2
Высвобождает Аю из спального мешка, переносит в постель, чтобы проснулась под птичьи пересуды, радужные искры по стенам от граненого шарика. «Обучу сына бесстыдству, — пообещала, похохатывая, ластоногая, наголо обритая особь, с глазами честно-блудливыми, залитая по горло несокрушимой сытостью. — Толкучему легче прожить». И Финкель беспокоится теперь за Аю, доверчивую посреди недоверчивых, ибо на одного нахала на свете будет больше. У которого на пакости достанет разума, на милосердие недостанет жалости. Которого на порог не пустишь. С дочкой не оставишь наедине. С внучкой — упаси Господь!
Стареет тело.
Дряхлеют чувства.
Молодеют сны — к стыду или изумлению.
Ликующий старик прикидывает, какие события взять с собой в подступающий сон, чтобы сплелись в прихотливом сюжете. Опечаленный его сожитель собирает по крупицам самое памятное в главное посмертное сновидение, до воскрешения из мертвых, — благословенно то прошлое, которое накапливает воспоминания. Один из них говорит: «Я пожилой человек и мучаюсь оттого, что обижал людей, встречавшихся на моем пути». Второй добавляет свое: «А я утешаюсь тем, что количество обиженных было невелико. Если этим, конечно, можно утешиться».

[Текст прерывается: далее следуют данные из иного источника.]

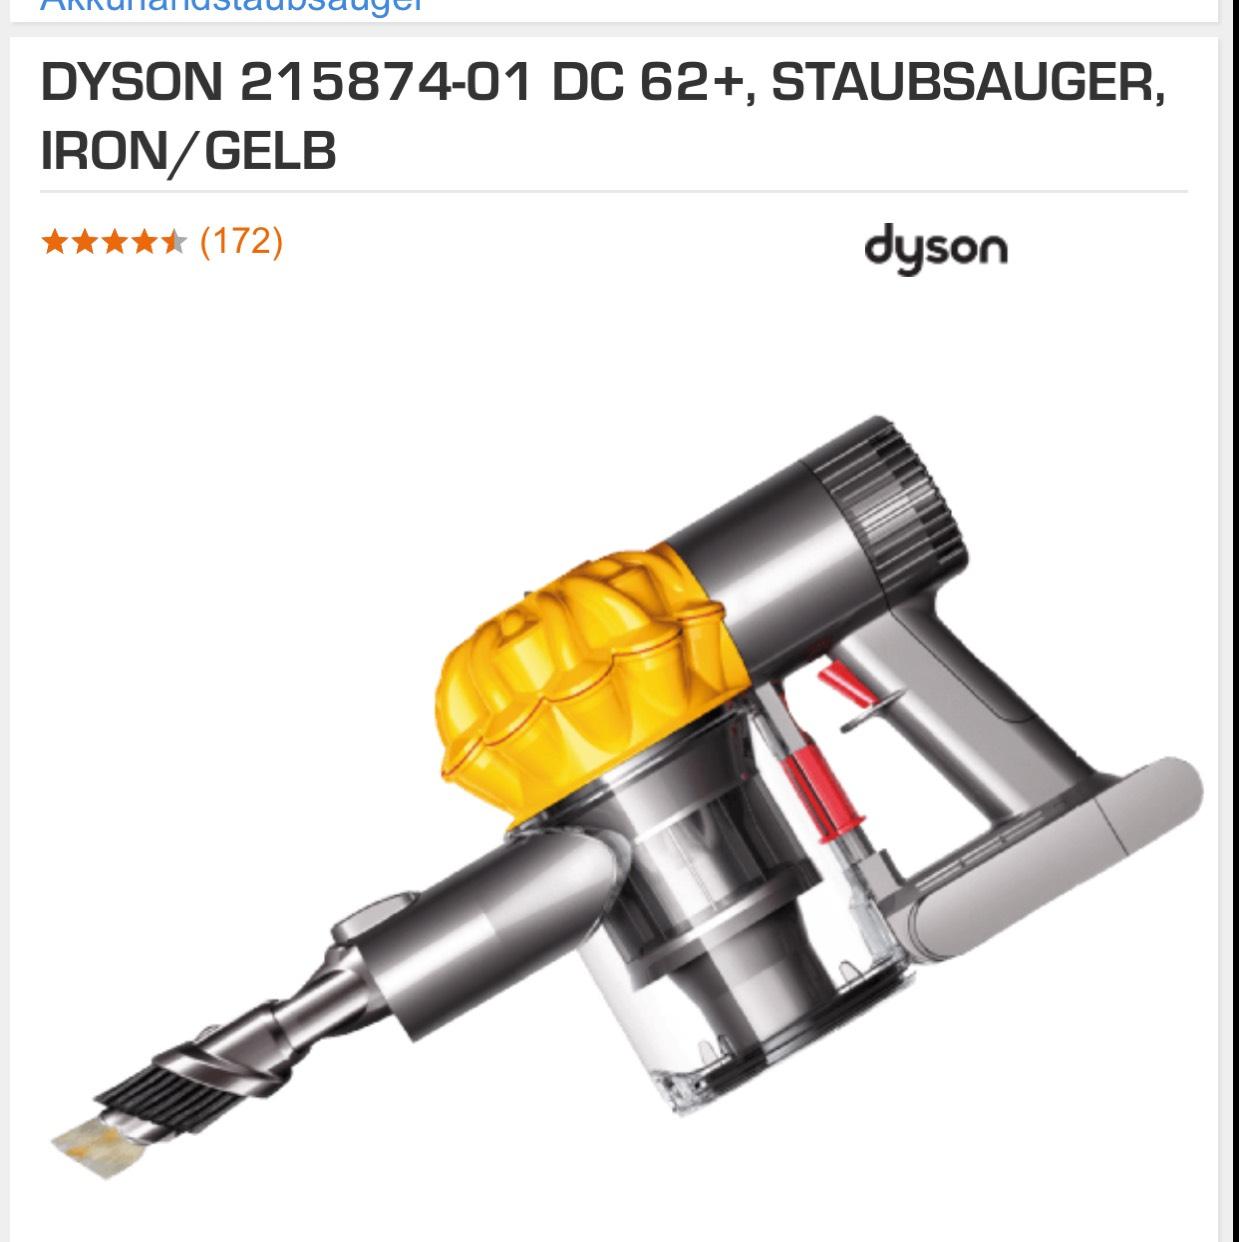 Abgelaufen!! Dyson DC 62+ (V6 Motor) Staubsauger Saturn online

На исходе ночи глушит его дремотная усталость, и Финкель засыпает с улыбкой на губах, которой не продержаться до рассвета. Видение наплывает по порыжелым рельсам, неспешно, неотвратимо, пригородным составом с немощным паровичком, где молочницы гремят бидонами по душным вагонам, молодняк подпугивает в тамбуре, дерзостно сплевывая под ноги, гнусавит под гармошку стародавний пропойца на деревянной ноге, вымаливая подаяние скорбными песнопениями: «Я был батальонный разведчик, а он писаришка штабной. Я был за Россию ответчик…»
Вагоны укатываются за поворот — не удержать. Финкель бежит следом по шпалам — вспрыгнуть на подножку своей юности, но сон утекает, пыхая паром, песня утекает следом в угольном дыму, под лязг буферов, нестерпимую фистулу паровозного гудка: «…а он жил… с моею… же-е… но-о-ой…» Не твоя остановка там, в отдалении, не тебе сходить на ней под приветственные вопли незабвенного друга, — они все теперь незабвенные, кого ни позови; не тебе добежать до затерянной платформы в березняке, срывая дыхание под комариный стон, и эха нет, нет эха во снах, поезд уходит, пощелкивая по стыкам, затихая на закруглении путей: «Ах, Кла-ва, лю-би-мая Кла-ва…»
— Ты проснулся, но сон не просыпается, — полагает девочка Ая. — Ему и так хорошо.
— Ты встаешь, — подхватывает дедушка, — мокнешь под душем, ешь за столом кашу, ты одеваешься, обуваешься, бежишь на улицу…
…а сон живет сам по себе, сон не прерывается; не он для тебя — ты для него, подпитывая его из настоя памяти. Сном не овладеть и сна не пожелать, у него неведомое дневное пребывание без прилипчивых обыкновений, чтобы выказать в подступившей ночи, по прихоти, отрывок — обрывок? — видений, тебе недоступных и неподступных, в которых не запрятаться, не пересидеть в укрытии пуганые дни. Сны не подлежат наказанию и не умирают вместе с людьми; они утекают вслед за ушедшими в те края, где нет бранных криков, ненавистных взглядов, там они и остаются, оплакивая тех, к кому наведывались по ночам, — от этого и человек бы заплакал…
Уверяют знающие люди: сон — шестидесятая часть смертного состояния; уверяют не менее осведомленные: истинный сон — шестидесятая часть пророчества.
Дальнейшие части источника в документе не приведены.